Monitoring Hadoop and Datameer using Nagios

These instructions are based on using the Debian distribution; some of the information might be different for another distribution.

Features

Nagios is a popular open source computer system and network monitoring software application. It watches hosts and services, alerting users when things go wrong and again when they get better. Nagios allows you to monitor anything. All hosts and services are monitored through plug-ins which are simple shell-scripts and programs. plug-ins can written in any language. The language you choose needs the ability to print using stdout and return exit codes.

Learn more about Nagios by referring the other links at the bottom of this page.

Requirements

  • Linux (or UNIX variant)
  • Configured network (Most of the monitoring plug-ins works over the network)
  • When using CGIs you also need: 
    • A webserver (e.g.
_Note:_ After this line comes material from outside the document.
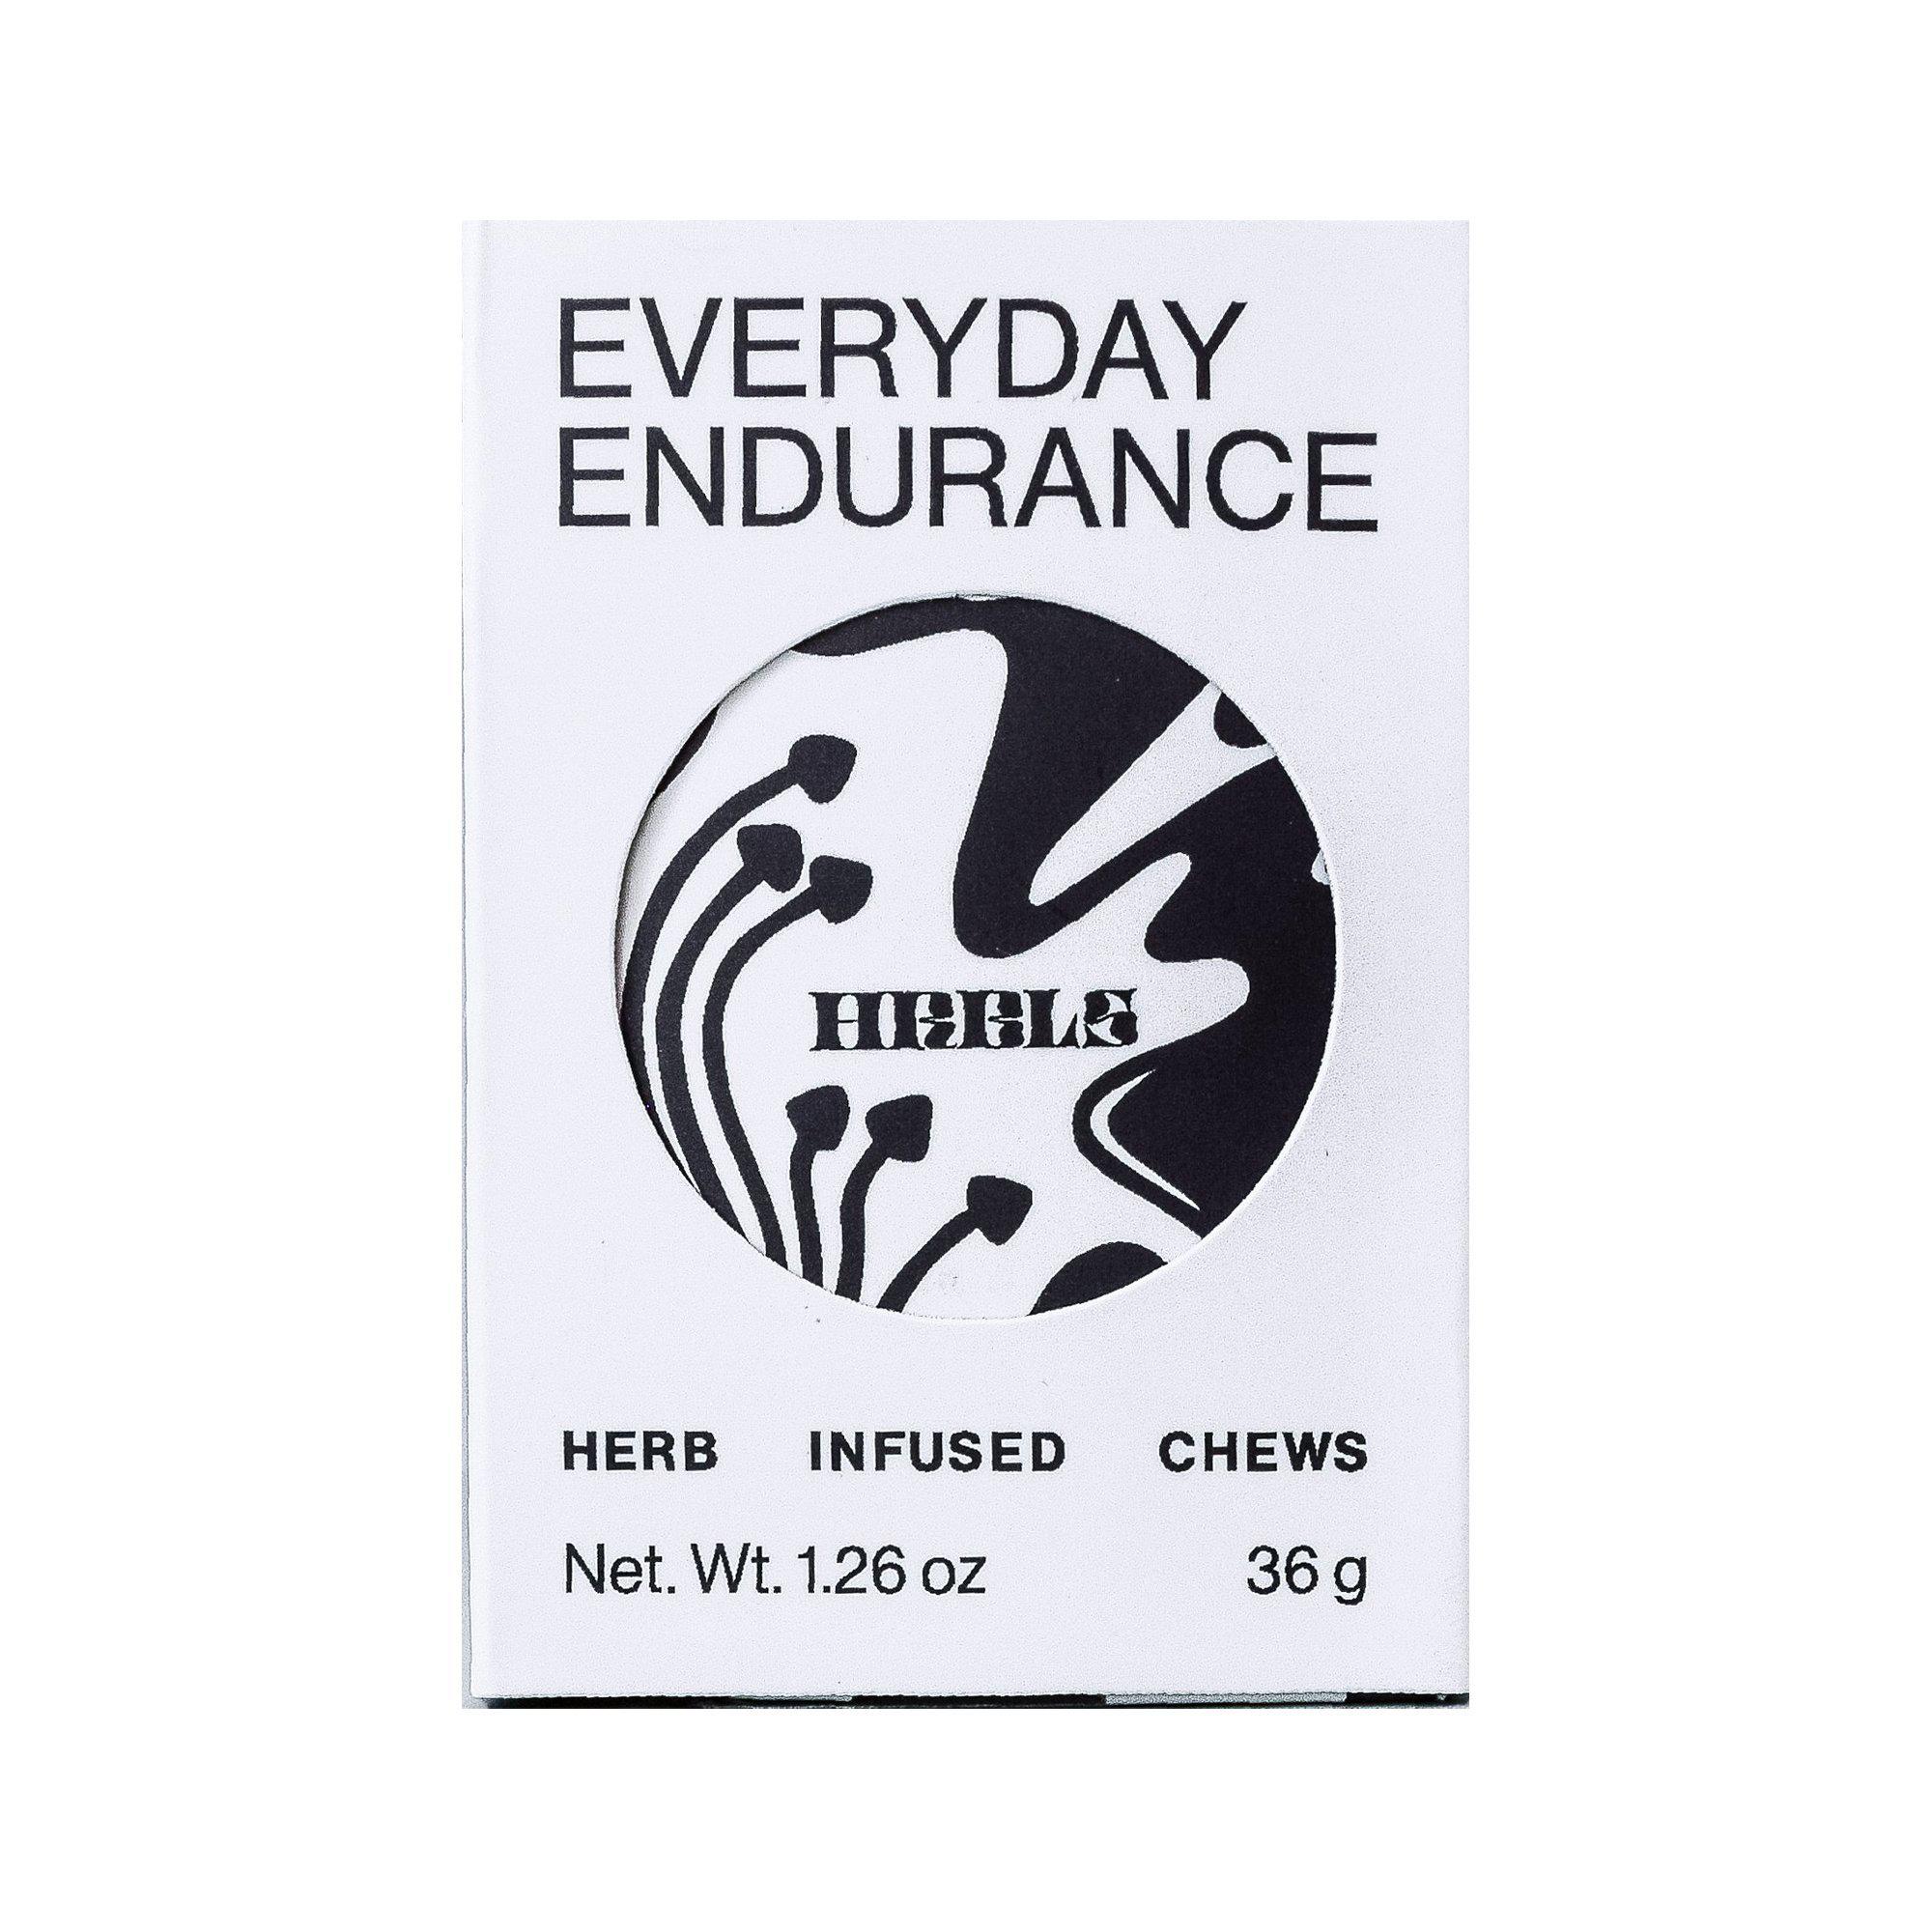 Indisponible - HRBLS Gummies Énergie Everyday Endurance Unavailable - HRBLS Everyday Endurance Energy Gummies - Supernatural

Apache HTTPD)
    • gd library for "statusmap" and "trends" CGIs

Installation

There are many ways to install Nagios including using a package-manager or building from source. Datameer recommends building from source, because it's easier to understand how Nagios works and where the different files are stored.

If you don't want to build from source, read the next sub-section(s).

Install Nagios on Debian5 with apt

Words such as <address> or <port> are placeholders and needs to be replaced with your settings.

  1. Install packages using the following command: 

    # aptitude install nagios3 nagios-plug-ins
  2. Configure Apache to allow access to the Nagios web interface:

    # htpasswd -c /etc/nagios3/htpasswd.users nagiosadmin
  3. Edit /etc/nagios3/nagios.cfg and set check_external_commands to 1.
  4. Update permissions for Nagios and Apache:

    # /etc/init.d/nagios3 stop
    # dpkg-statoverride --update --add nagios www-data 2710 /var/lib/nagios3/rw
    # dpkg-statoverride --update --add nagios nagios 751 /var/lib/nagios3
    # /etc/init.d/nagios3 start
  5. Look at the Nagios UI:

    http://<address>/nagios3

Install Datameer Job Status plug-in

  1. Install PHP:

    # aptitude install php5-cli
  2. Create /etc/nagios3/conf.d/das_host.cfg

    define host{
    	use generic-host ; Inherit default values from a template
    	host_name das_server
    
    
    
    	;Insert your environment
    	address <address>
    
    
    
    }
  3. Create file /etc/nagios3/conf.d/das_service.cfg

    define service{
    	use generic-service ; Name of service template to use
    	host_name das_server ; The hosts where this service is available
    	service_description DAS_JobStatus ; How should Webinterface display this service as name
    
    
    
    	;Insert your environment
    	check_command check_das!<user>:<password>@<address>!<port>!<jobConfigurationId> ; The command with parameters to get the job status via rest api
    
    
    
    	max_check_attempts 1 ; How many retries if state isn't OK
    	check_interval 1 ; How long it takes for a one check-interval (minutes)
    	retry_interval 1 ; How long it takes for a one recheck-interval (minutes)
    	notification_interval 0 ; How long it takes for a one resend-notification interval (minutes) 0 means no resend
    	first_notification_delay 0 ; How long to wait before sending a first notification (minutes) 0 means immediately
    	notifications_enabled 1 ; Enable/Disable Notification
    }
    

    If you need to change your configurations frequently, then refer to http://www.ubuntugeek.com/nagios-configuration-tools-web-frontends-or-gui.html.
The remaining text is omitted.